_HOW TO COMPLETE THIS TASK_
Only the pictures are to be omitted; everything else in the listing must be reproduced exactly.

:: STORED DATA

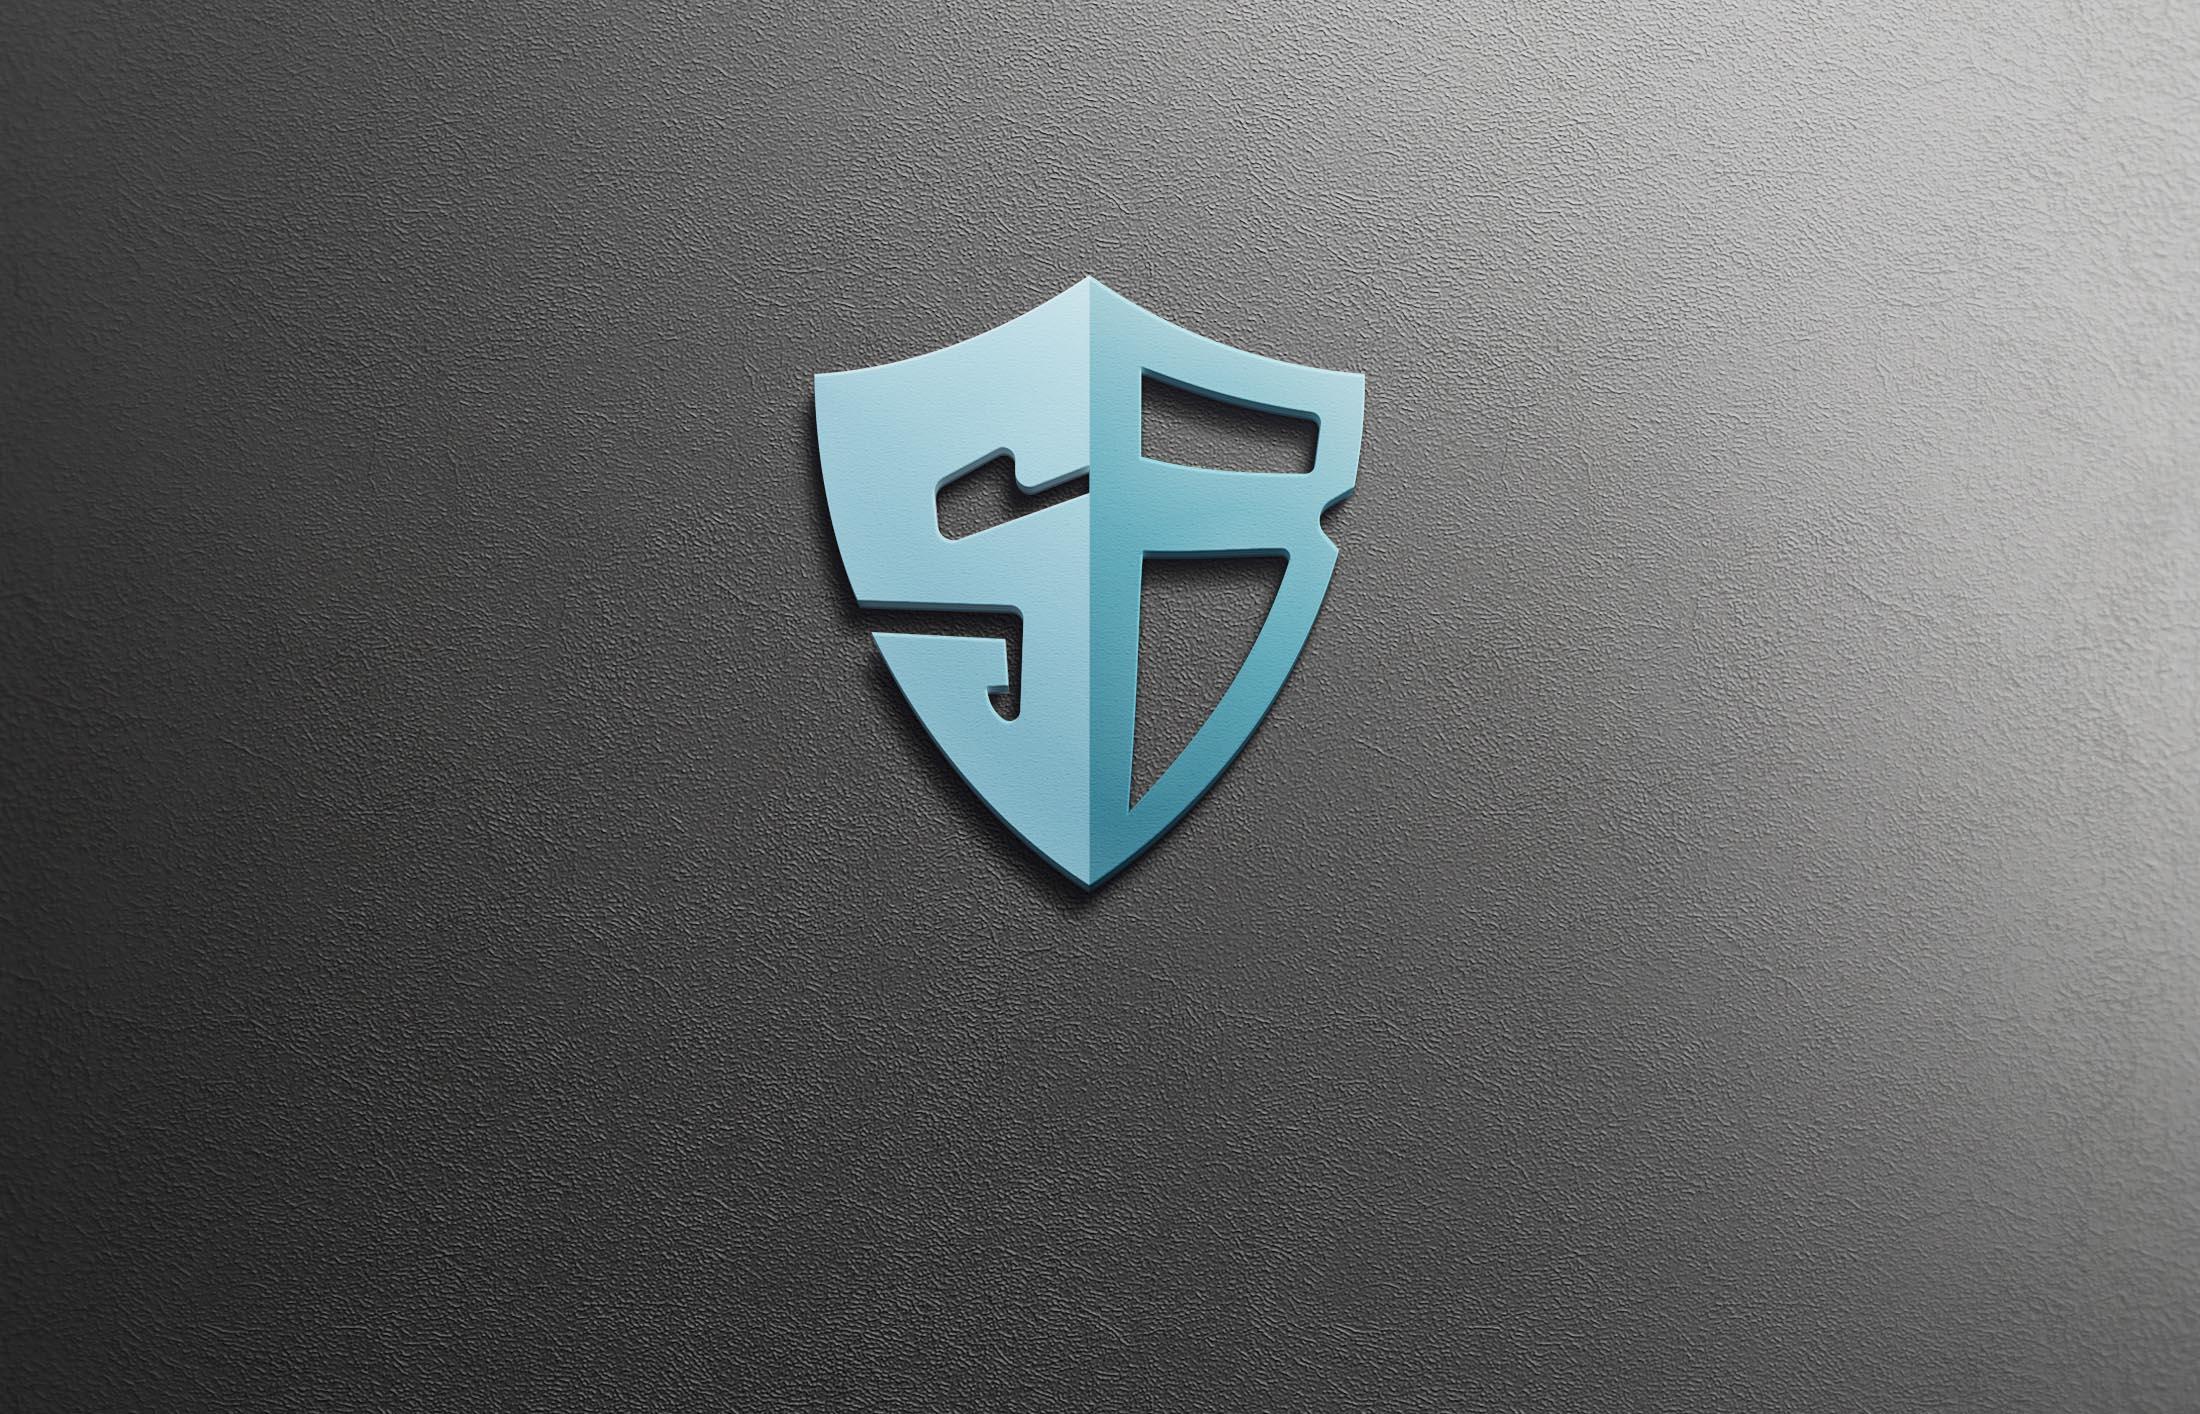 Логотип + Визитка Портала безопасных сделок фото f_899535ee8d98b8f6.jpg
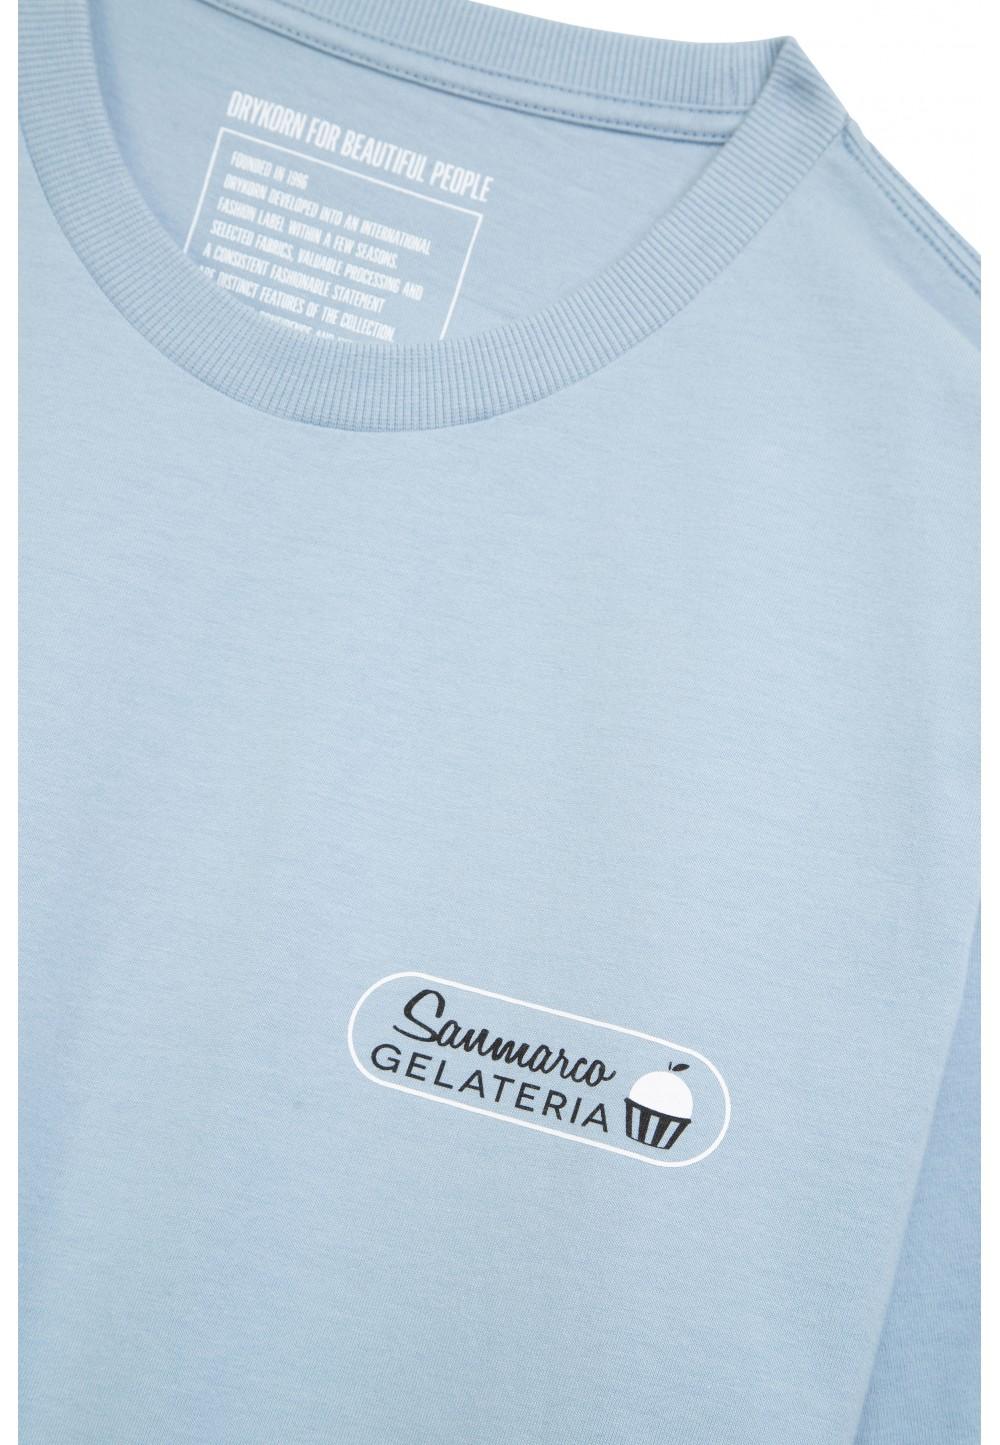 Чоловіча футболка SAMUEL_GELATO з  лого
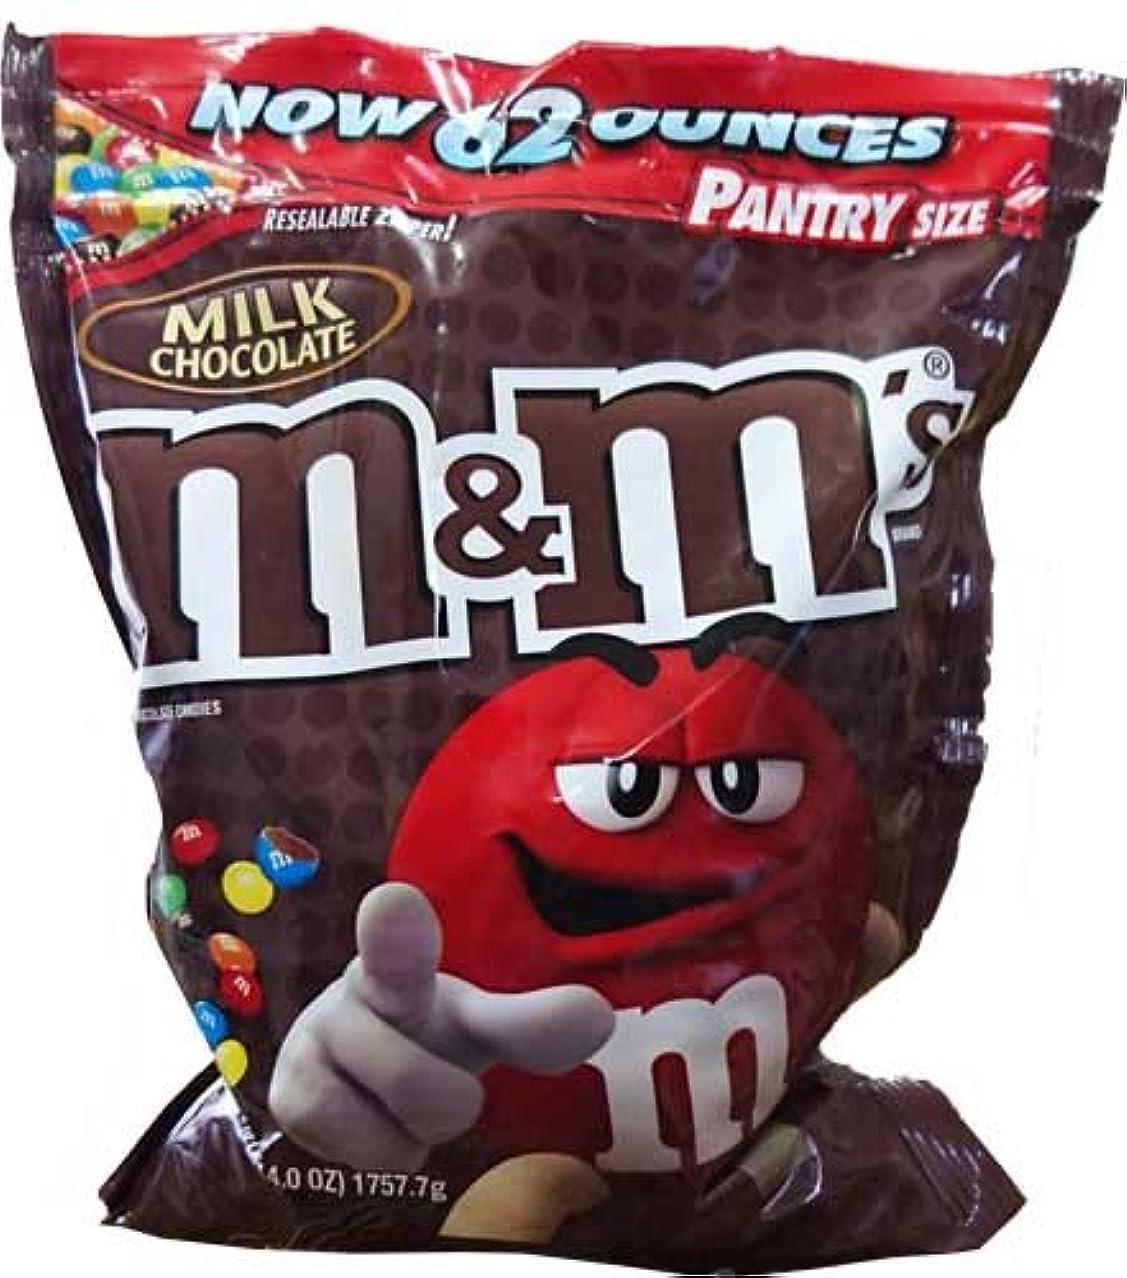 はちみつ有毒な贅沢なM&M's エムアンドエムズ ミルクチョコレートプレイン 62oz 1757g

::::

_RESULT_
 Логотип + Визитка Портала безопасных сделок фото f_899535ee8d98b8f6.jpg
 Чоловіча футболка SAMUEL_GELATO з  лого
 はちみつ有毒な贅沢なM&M's エムアンドエムズ ミルクチョコレートプレイン 62oz 1757g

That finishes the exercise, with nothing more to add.